======== Given information ========

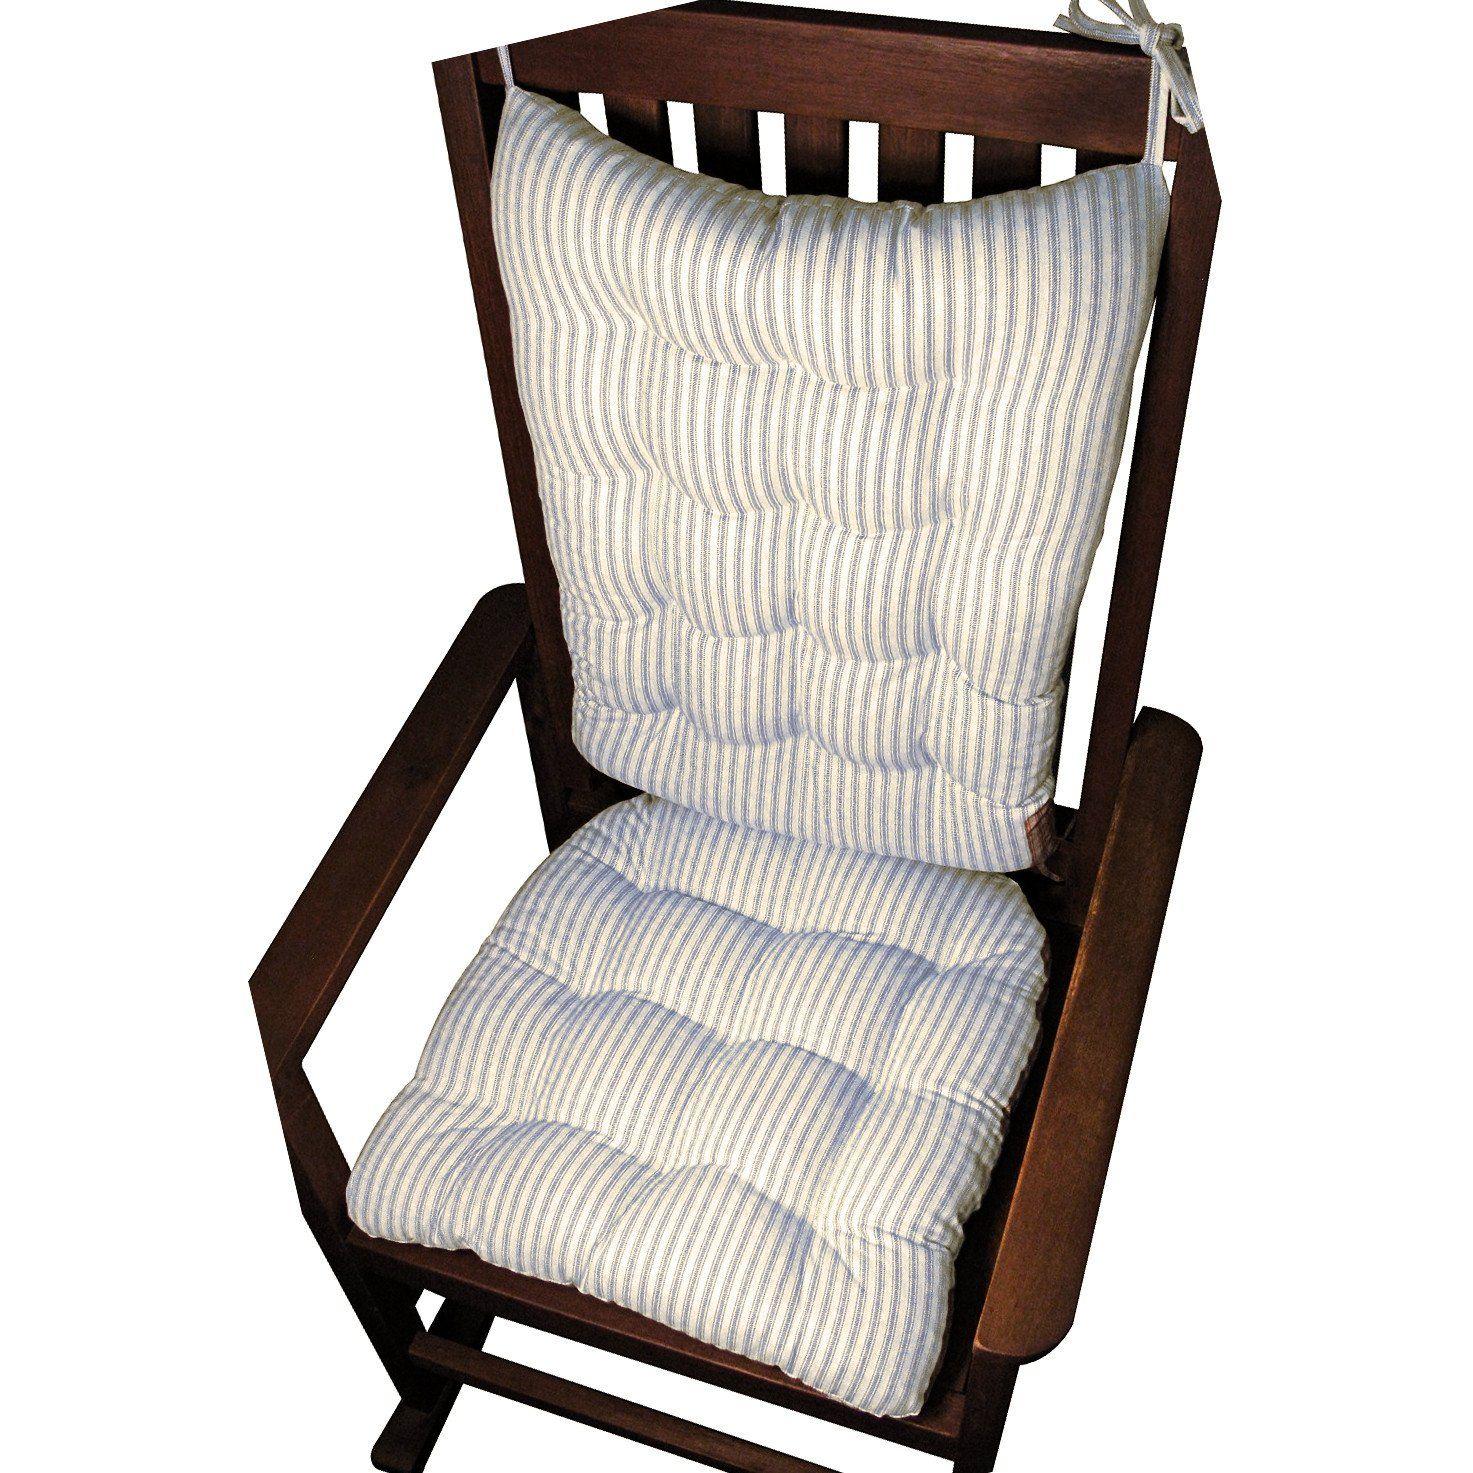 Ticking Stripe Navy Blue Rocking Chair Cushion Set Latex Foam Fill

========
======== Given information ========

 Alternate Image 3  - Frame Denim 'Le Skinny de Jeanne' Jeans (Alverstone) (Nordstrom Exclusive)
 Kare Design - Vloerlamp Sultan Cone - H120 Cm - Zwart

========
======== Given information ========

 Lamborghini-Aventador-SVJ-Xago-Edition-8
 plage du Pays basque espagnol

========

**What you should do**
From the records above, repeat exactly the lines from the one with "Lamborghini-Aventador-SVJ-Xago-Edition-8" through the one with "plage du Pays basque espagnol", both included.

**Problem solution**
 Lamborghini-Aventador-SVJ-Xago-Edition-8
 plage du Pays basque espagnol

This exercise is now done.